広い綿の畑もたくさん見た。畑作業の移動らしく、小さなトラックの荷台に人がわんさか乗って走っていくのも見た。ウズベキスタンは綿花栽培が盛んなのだが、しかしそれはソ連時代に政策として広まったもので、重労働の上植民地のようにひどい搾取をされていたのだそうだ。独立後も綿は作られているのだが、連作で土地が痩せ、水が枯れるなどの問題もたくさん起きているそうだ。

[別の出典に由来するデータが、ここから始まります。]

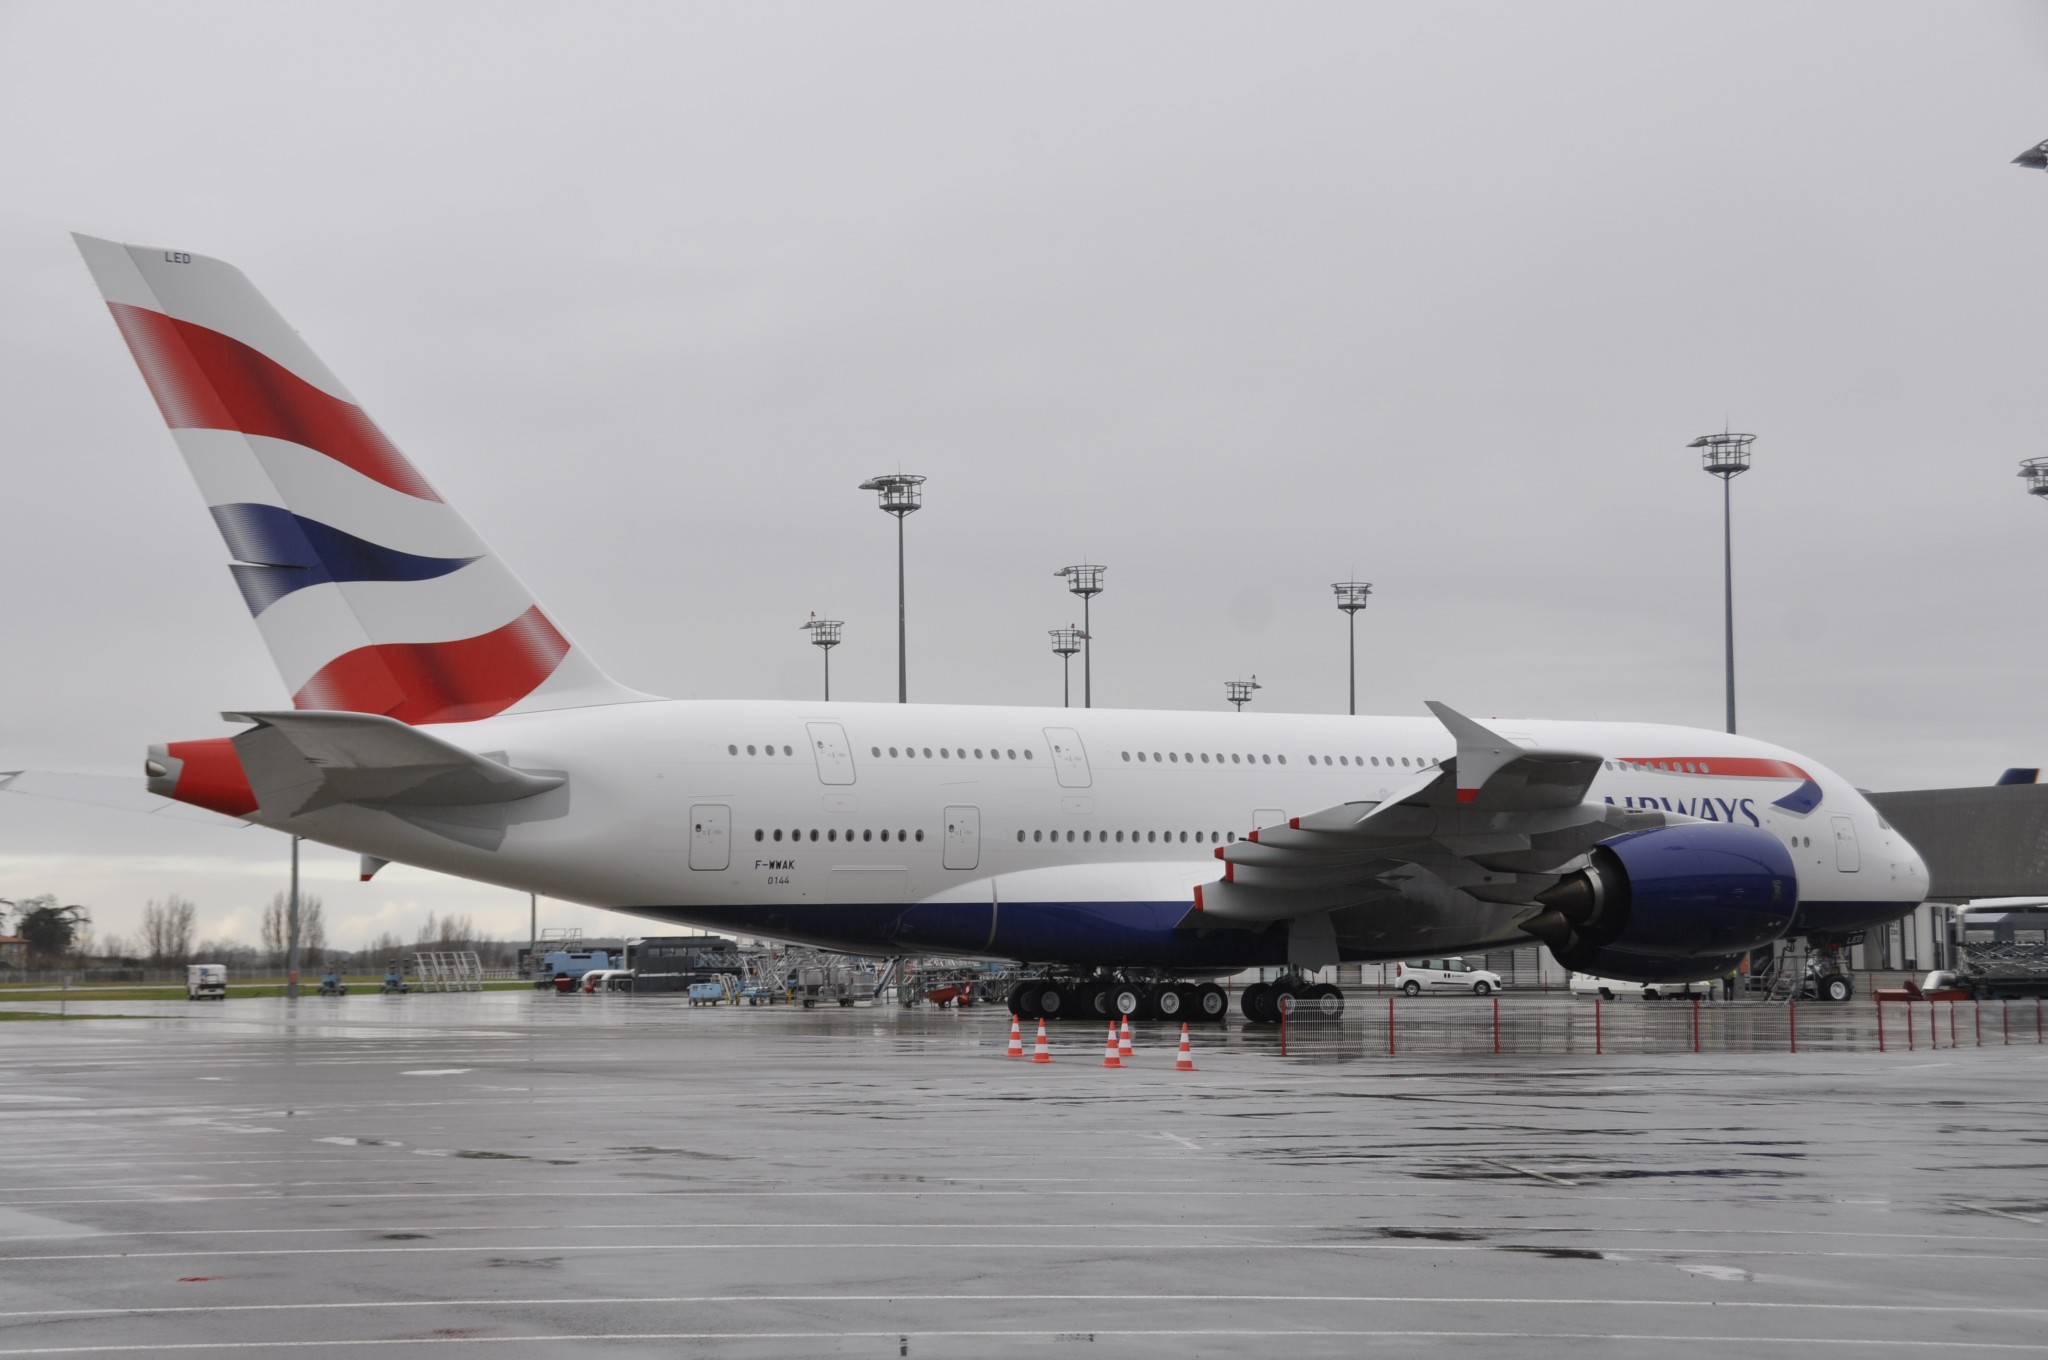 British Airways takes off with China Eastern Airlines

道は悪くてものすごくガタガタ揺れる。でもまあ遠足気分でお菓子を食べたりおしゃべりしたりしていたのだが、バスで3時間と聞いていたのに、一向に着く気配がない。どうもバスだとのろいのでもっと時間がかかるらしい。日暮れまでに着けるのかなあと思ううちになんとなく暗くなってきた。窓の外はずーっとほこりっぽい平地でもう家も何もなくただただ何もないところを走っているのだが、ふと反対側の窓を見ると山が近くに見えている。日が沈みかけた空に、山がシルエットに浮かんでいて、でもまだぜんぜん到着しそうになく、なんだかどきどきしてくる。ここで何かが起きても誰も発見してくれなさそうな砂漠の真ん中で、まったく言葉のわからない人たちに囲まれてバスがどこに向かっているのか確認することもできず、子供を連れてこんなとこに来ちゃって本当に大丈夫?私の心配性の虫は騒ぎ出すと止まらない。心細いなかで自分が一人の人間なんだと考えるうち、人間として大事なものはなんだろうかと自問しはじめ、包容力、受容力、赤の他人を受け入れる力、みたいなものがこういう場所に一人置かれたときに一番大事なものなのだろうかなどと思った。つまり大きなハートということ。そんなことをドキドキ考えるうちに、本当に真っ暗になってしまった!もうすぐ7時だ。5時間も乗っている。と思ったら、やっと、やっと着いた。今夜お世話になるイスロムさんのおじさんのハビブさんの家からお迎えの車がきて待っているという。急いで車に乗り換えて、さらに30分。さらにガタガタ道をとばしていく。途中ところどころ急にスピードを落として迂回するような運転をする。そうとう道が悪いらしい。そのうち暗闇に白い土壁が浮かんで見え始めた。集落に着いたらしい。なんかものすごいとこに来ちゃったんじゃないか?とすごい不安。そして車は門から中に入って、明かりのついた家の前でとまった。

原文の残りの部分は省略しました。